Фосс - Патрик Уайт
Шрифт:
Интервал:
Закладка:
Лора Тревельян прекрасно поняла, чего добивается Джадд: праздничная трапеза намечалась самая простая, без излишеств, мясо следовало есть руками, всем вместе, и тогда бы трапеза превратилось в акт восхваления.
По мере того как день подходил к концу и приготовления к пиршеству заканчивались, Фосс все сильнее мрачнел и злился.
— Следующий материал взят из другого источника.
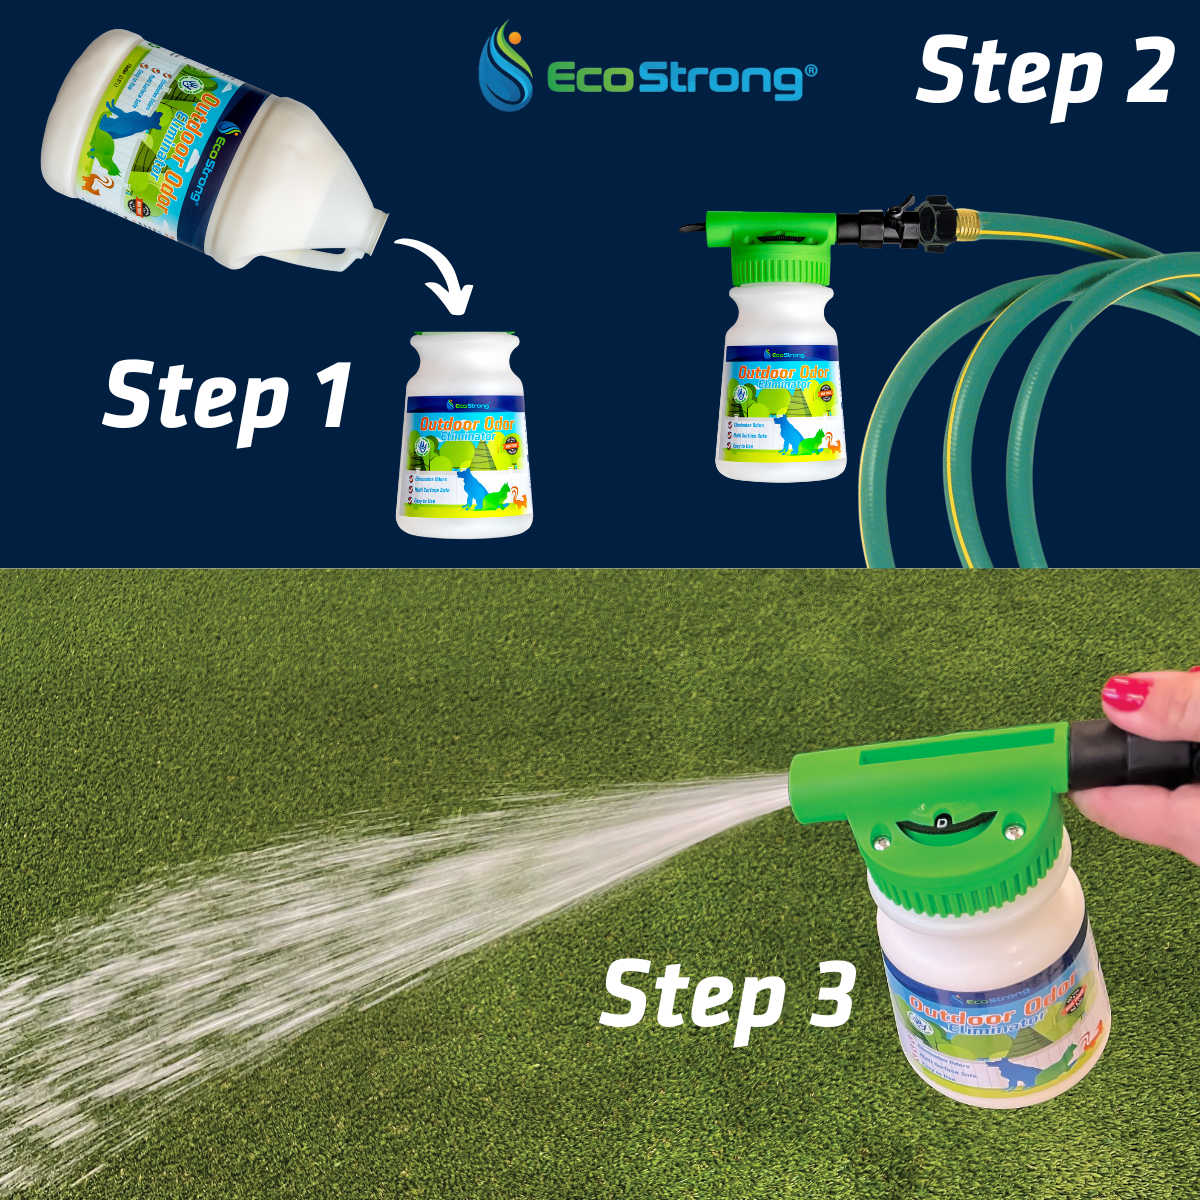 Eco Strong Outdoor Odor Eliminator 1 gallon jug and sprayer #size_1-gallon-jug-and-multi-use-sprayer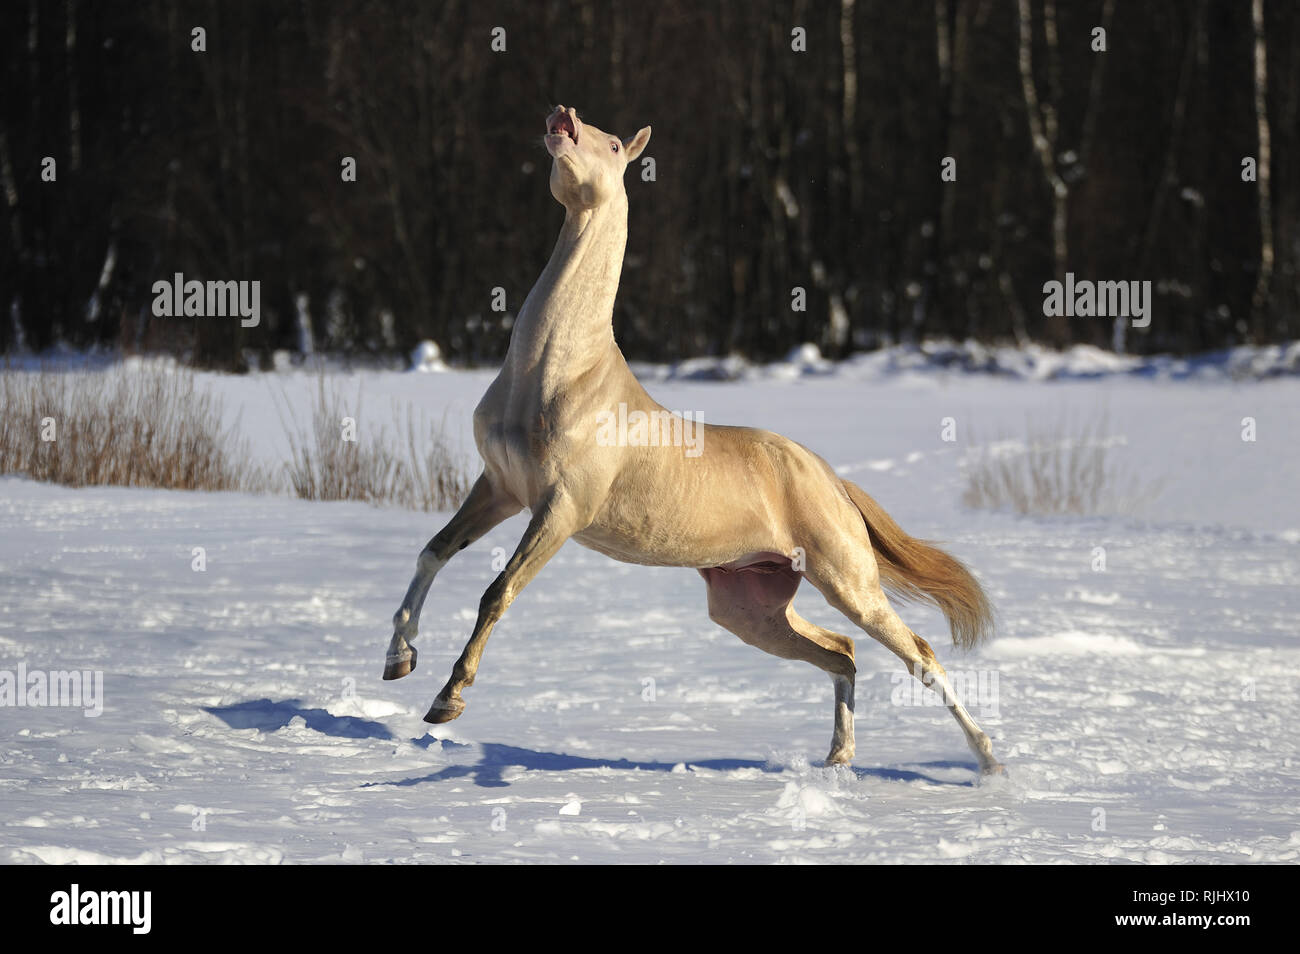 Cremello Akhal Teke stallion playing in the snow and showing flehmen response. Horizontal, side view, in motion, Stock Photo

Ночью, после того как зажгли костры и туша барана, которого съедят на Рождество, стала белым пятном на темном дереве, Джадд разогрел жир, швырнул на сковороду печень, приготовил и понес главе экспедиции.
— Вот кусочек славной печенки, сэр, поджарил специально для вас.
Фосс отказался:
— Благодарю, Джадд. Не могу — жара. Ужинать не буду.
Он действительно не мог есть: печень воняла.
Джадд отошел, и хотя сделал это как всегда уважительно, в глазах его блеснул недобрый огонек, а печенку он бросил собакам.
Оставшись наедине с собой, Фосс застонал. Принять смирение он не хотел и не мог, даже несмотря на то, что это было одним из условий, которое она поставила в письме, сохранившемся в его памяти до последней строчки. Некоторое время он сидел, обхватив голову руками. Он и в самом деле страдал.
Ночь выдалась тихая. Собаки почесывались и вздыхали, костры прогорели до углей, и тут раздался шорох травы и звук шагов: из темноты выплыло лицо Тернера.
«Зачем я вообще его взял?» — недоумевал Фосс.
— Поглядите-ка, сэр! — предложил Тернер.
— В чем дело? — спросил Фосс.
И тогда он увидел ручку сковороды.
— Ну и что? Какое мне дело?
— Это он! — хохотнул Тернер.
— Кто?
— Повар, наш мастер на все руки. Господь Всемогущий!
— Мне не интересно. Тернер, не валяй дурака! Иди спать.
— Не такой уж я и дурак! — Тернер ушел, хохоча.
Он был точно во хмелю: порой его проспиртованному организму никакой помощи извне и не требовалось.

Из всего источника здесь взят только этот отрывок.